Washington has evidently concluded that
the time has come to draw a battle line in the
post-Soviet space - and confront Russian President
Vladimir Putin's policies since 2000 in garnering
all available centripetal factors serving the
integration of countries in the Commonwealth of
Independent States. During the 2000-04 period,
mutual trade among the CIS countries increased
more than twofold and crossed the $100 billion
level.
Russia's cooperation with its CIS
partners involves: a) formation of joint-stock
companies out of existing industrial facilities
and infrastructure; b) direct investment of
enterprises; c) purchase of property in the CIS
countries; d) transfer of production to the CIS
countries; e) purchase of share capital of
indebted enterprises in the CIS countries; and f)

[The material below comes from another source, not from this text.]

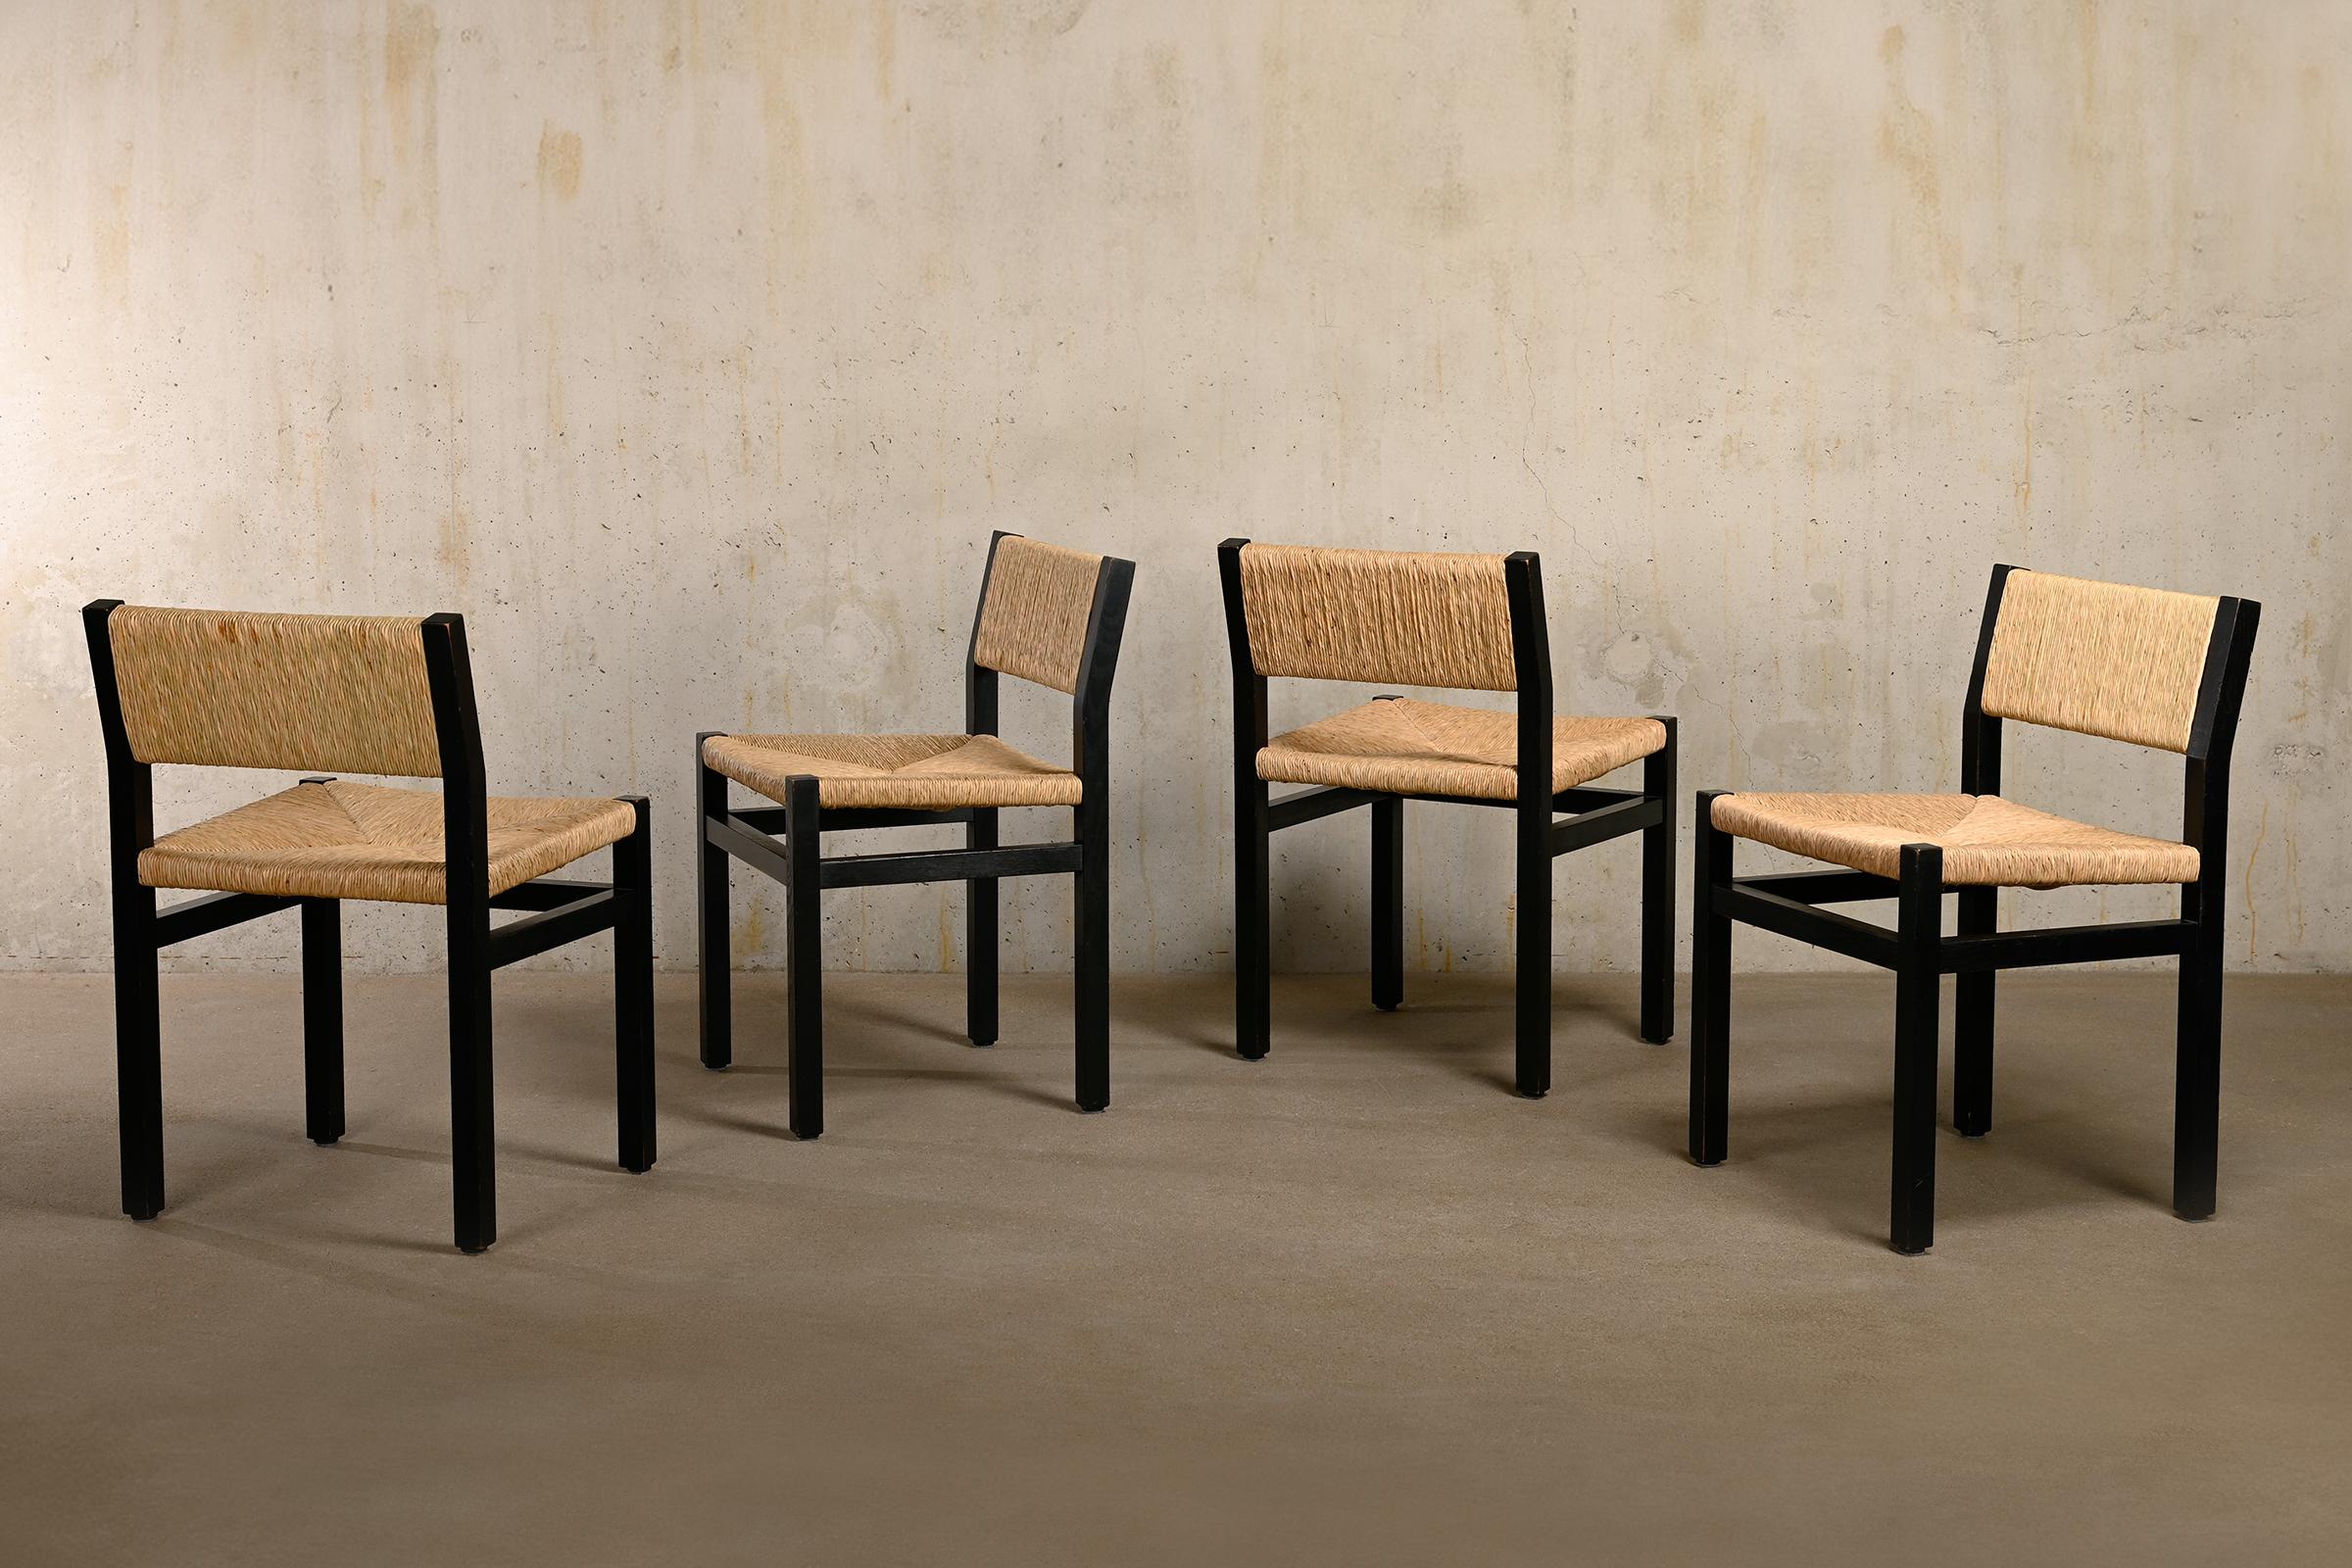 Schöner Satz von 4 Esszimmerstühlen (Modell SE82), entworfen von Martin Visser für 't Spectrum, Niederlande 1970er Jahre. Schwarz lackierte Eschenholzrahmen mit handgeflochtenen Sitzflächen und Rückenlehnen aus Binsen. Das Design zeichnet sich durch

vertically integrated transnational companies and
bank subsidiaries.
The Eurasian Economic
Community (comprising Russia, Belarus, Kazakhstan,
Uzbekistan, Kyrgyzstan and Tajikistan) has
harmonized about 90% of its import-export duties
and is forming a customs union. It aims at forming
energy, agriculture and currency markets. A
free-trade zone is virtually in existence already.
Russia's parallel efforts in streamlining
the CSTO have also gathered momentum since the
unprecedented meeting of the CSTO Council of
Foreign Ministers and Defense Ministers in Moscow
last November. Bakiev's "strategic defiance" of
the US thus comes as the proverbial last straw
that broke the camel's back. Washington proposes
to force the issues of post-Soviet space.

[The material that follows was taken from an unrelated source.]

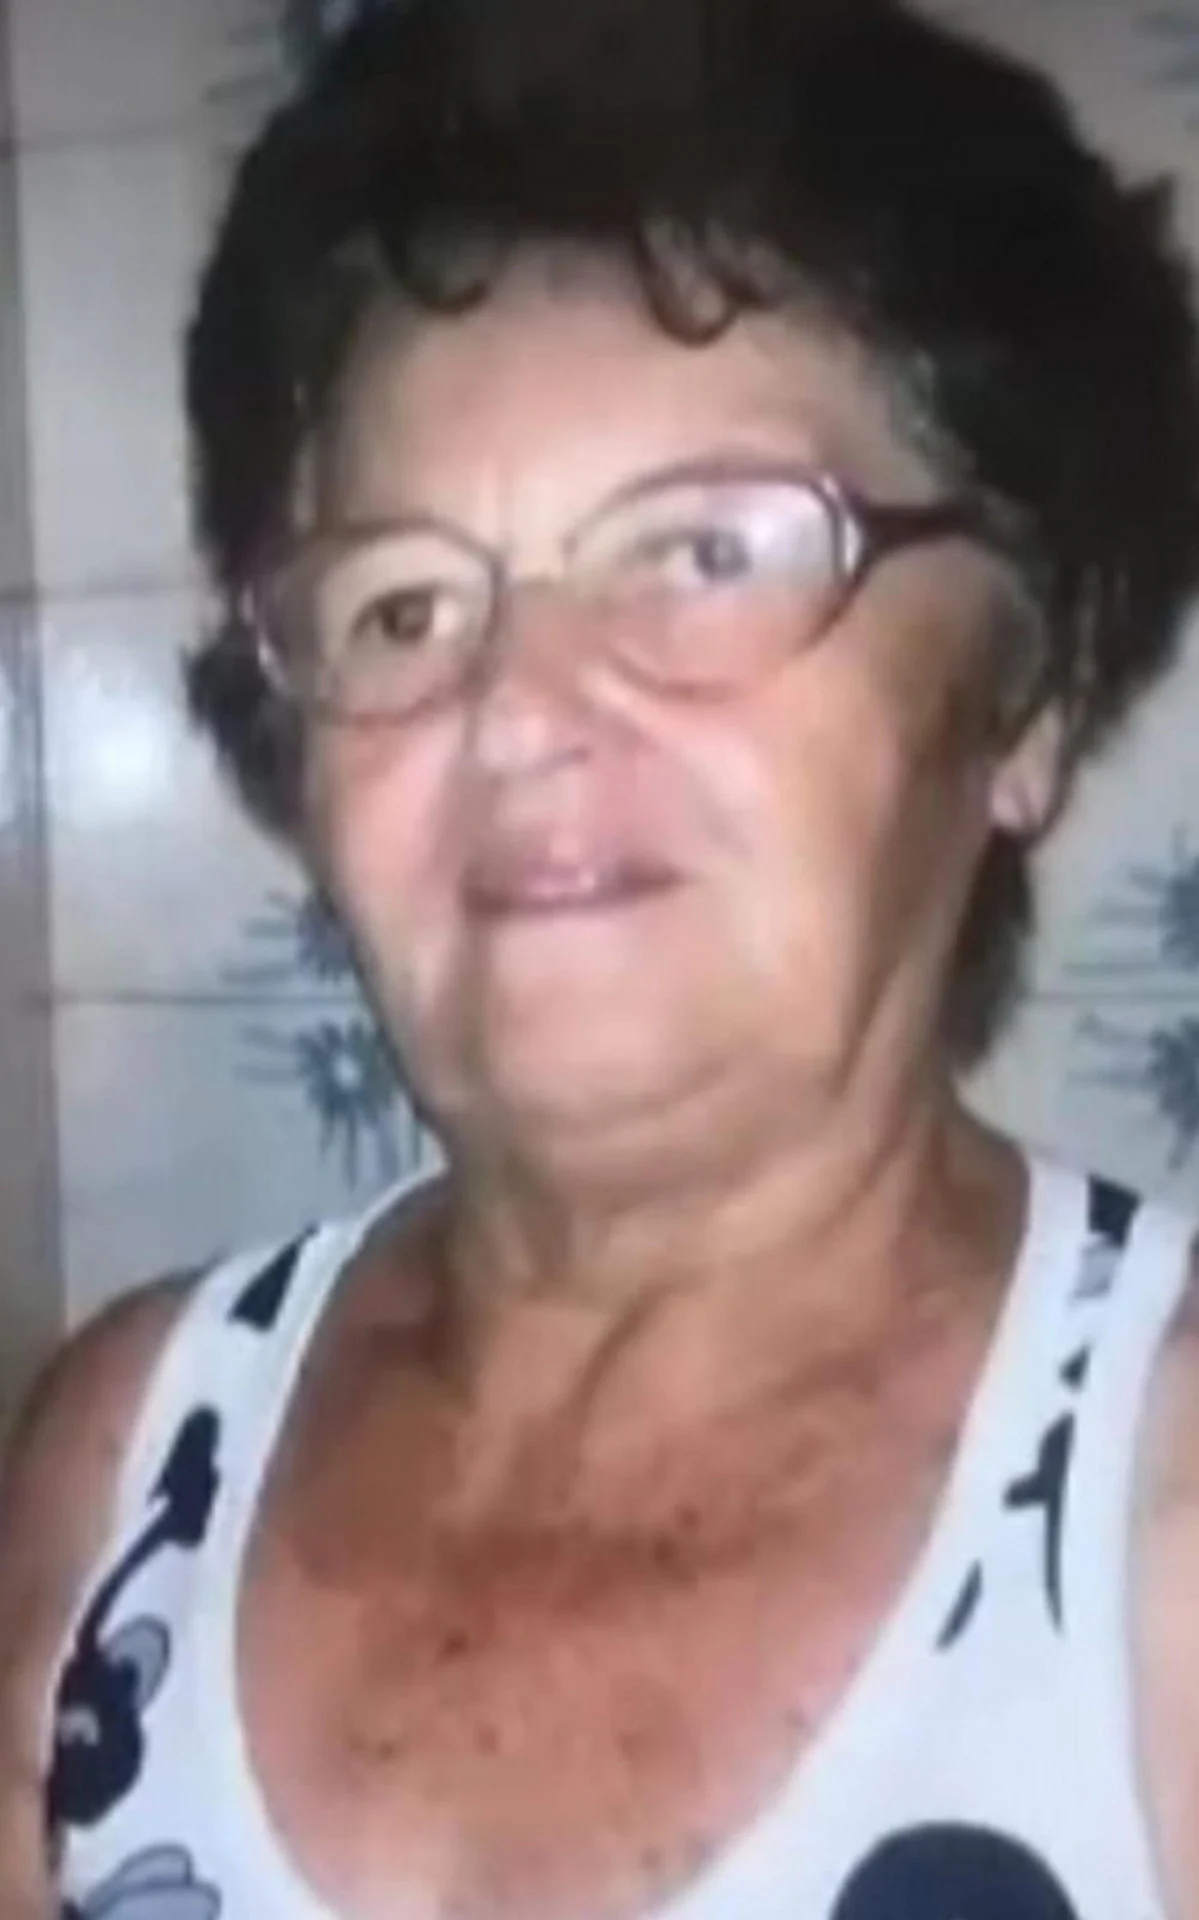 Corpo de idosa desaparecida é encontrado na Baía de Guanabara

If Bakiev's authority crumbles in Bishkek,
Kyrgyzstan will fall into the downward-spiraling
vortex of political uncertainties, and all sorts
of tantalizing possibilities may arise, including
installation of a pro-American successor regime.
In such an eventuality, the forthcoming
SCO summit would have to holster its guns. The
CSTO too would look foolish. Moscow would look
indecisive. On the other hand, if Bakiev were to
prove decisive, the Kremlin would be seen as
backing yet another "authoritarian" ruler.
The United States has just notified Russia
that the agenda in the July Group of Eight summit
in St Petersburg ought to include "issues
pertaining to conflicts very close to Russia's
borders", as US Under Secretary of State Nicholas
Burns put it in Moscow on April 19.
But
Washington must factor in yet another possible
outcome of upheaval in Kyrgyzstan. In a statement
at a Senate Select Committee on Intelligence
meeting on February 2, the director of national
intelligence, John Negroponte, said: "In the
worst, if not implausible, case, central authority
in one or more of these states could evaporate as
rival clans or regions vie for power - opening the
door to an expansion of terrorist and criminal
activity on the model of failed states like
Somalia and, when it was under Taliban rule,
Afghanistan ..."
With the White House in
such visible disarray, it is unclear whether
Negroponte is in the loop as regards the United
States' Kyrgyzstan policy.
M K
Bhadrakumar served as a career diplomat in the
Indian Foreign Service for more than 29 years,
with postings including ambassador to Uzbekistan
(1995-98) and to Turkey (1998-2001).